Back in Paris, Antheil was out of fashion, though he had some success with an opera, Transatlantic, about a US presidential election. He returned to the USA, broke, in 1933 and turned his hand to various ways of making money, writing a lonely-hearts column with his wife, studying endocrinology and writing articles about glands for Esquire, and then went to Hollywood where he produced thirty-three much admired film scores.

So far, then, a fairly conventional sort of life. In 1942, however, it took a turn for the unusual when he collaborated with the sex-goddess film star Hedy Lamarr in designing a radio-controlled torpedo which they patented.
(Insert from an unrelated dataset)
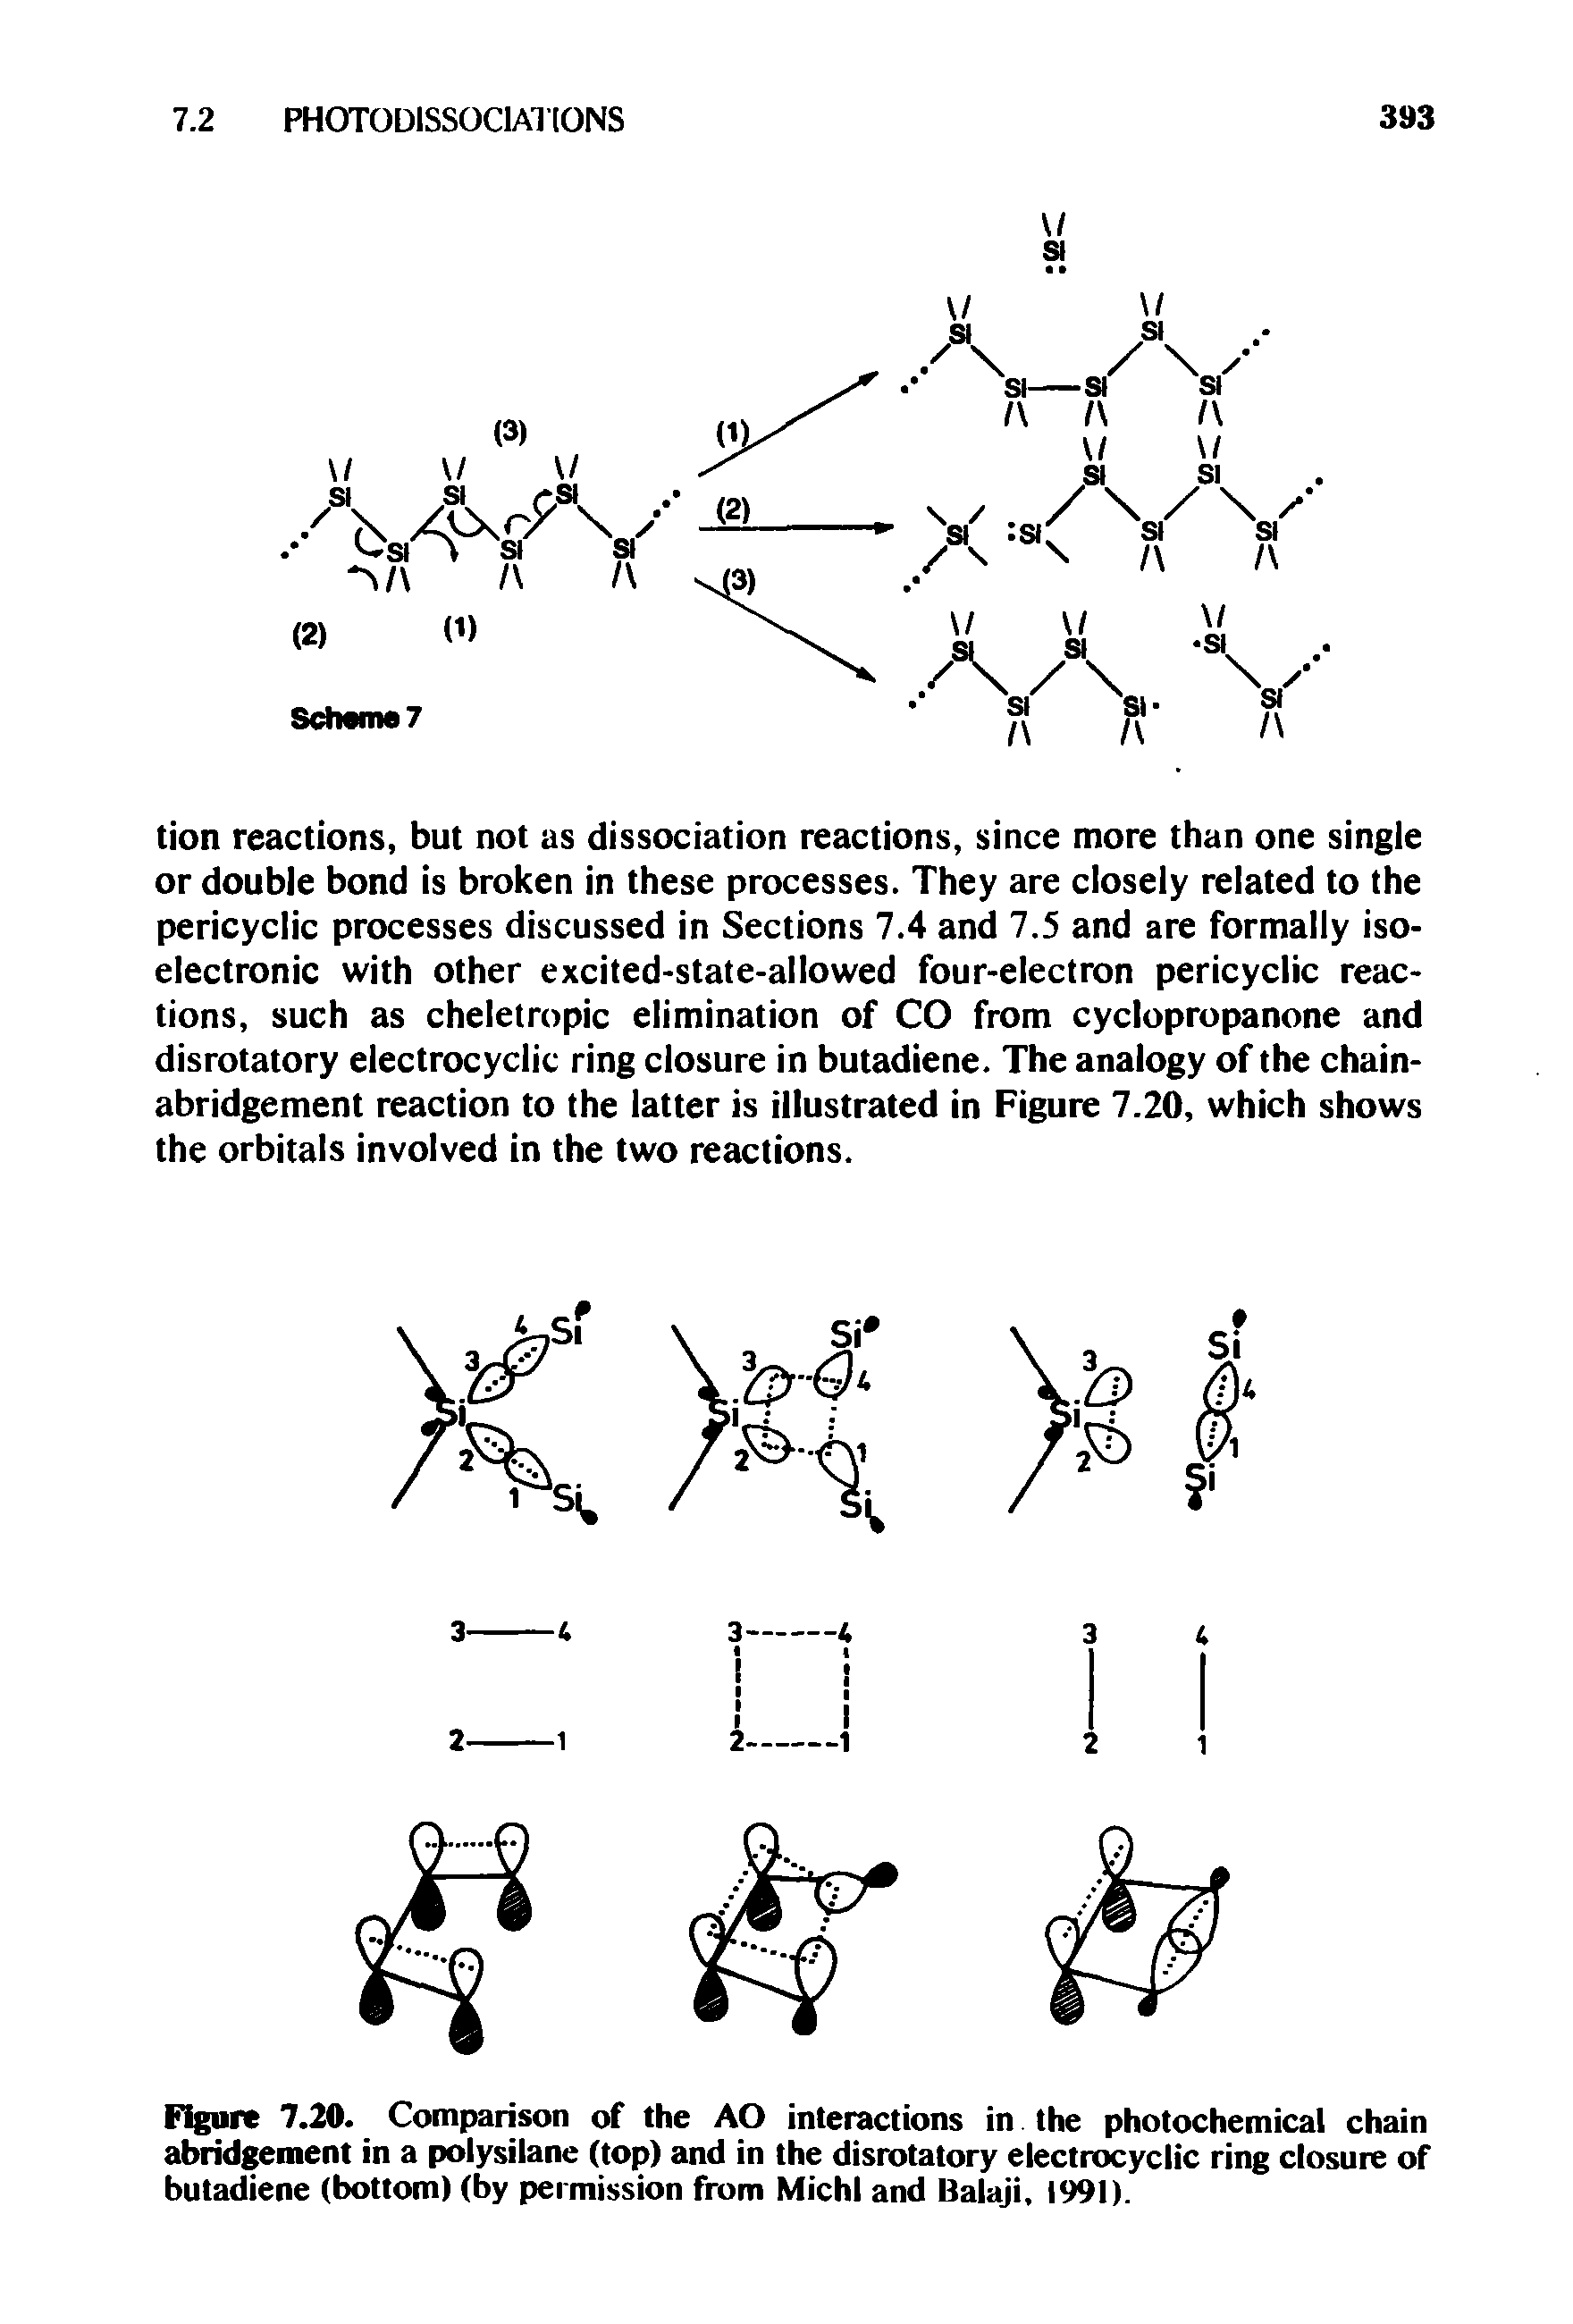 Figure 7.20. Comparison of the AO interactions in the photochemical chain abridgement in a polysilane (top) and in the disrotatory eiectrocyciic ring closure of butadiene (bottom) (by permission from Michl and Balaji, 1991).

It never actually went into production, but the principle of frequency-hopping on which it was based has various uses today in modems, satellite transmissions and mobile phones. In 1997 the US military revealed that the Lamarr-Antheil device was the basis for their secure communications system.

A survey in 1947 found Antheil to be one of the most performed US composers, so I am ashamed that until yesterday I had never heard of him. But I wish I had been at the Carnegie Hall concert in 1927, and I much enjoyed reading his story.

2 comments:

Anonymous said...

A very nice entry on Antheil, whose work I have been researching for over ten years, but I wanted to point out a few factual errors.
Antheil's name has an "h", which you missed in the title and once in the text.
He was born in Trenton, NJ, not PA.
Ballet Mécanique was played on eight or more pianos in Paris before it came to New York, not just two, so the Carnegie Hall performance was not unique in that regard.
Antheil's reputation was not in decline in Paris when he brought the Ballet Mécanique to New York--he was still fantastically popular--but after the debacle at Carnegie Hall, he did fall out of favor in Paris, mostly for adopting a new compositional style that was much tamer than his previous "mechanistic" style.
When he wrote Transatlantic, he had left Paris and was living in Germany. The opera was produced in Frankfurt.
His wife did not help with his lonely-hearts column--he wrote it himself. After a while, however, the publisher hired ghost writers to do it.
His collaboration with Hedy Lamarr took place before the US entered World War II, not in 1942, although the patent on their process wasn't granted until 1942 (patents take a long time). The Antheil/Lamarr collaboration is the subject of a terrific play called "Frequency Hopping" which had a successful run in New York this past June.

Anonymous said...

Dear Paul Lehrman

Thank you very much for taking the trouble to comment on this post.

Misspelling Antheil's name (twice) was inexcusable: I have now corrected it.

You must be a leading expert on his life and works, and I entirely accept that I may have got some of the details wrong; my source was a 2003 book by the historian Angus Calder, who in turn acknowledged four other sources including Grove. It may well be that the discrepancies arose from my careless plagiarism rather than any disagreement between the various writers about the facts.

Anyway, I hope you will agree that the errors are not substantive and do not really detract from the story of this remarkable man, so that there is no need for me to amend what I wrote: readers will note your corrections.

You will see that some 69 of the posts in Other Men's Flowers have some connection with music; I am profoundly ignorant on this subject and it would be nice to think that you will read them all through with a musicologist's eye and bring any other errors to my attention.

It is possible, I suppose, that you are not a musicologist at all but a student of naval warfare and electronics. Or you might be both.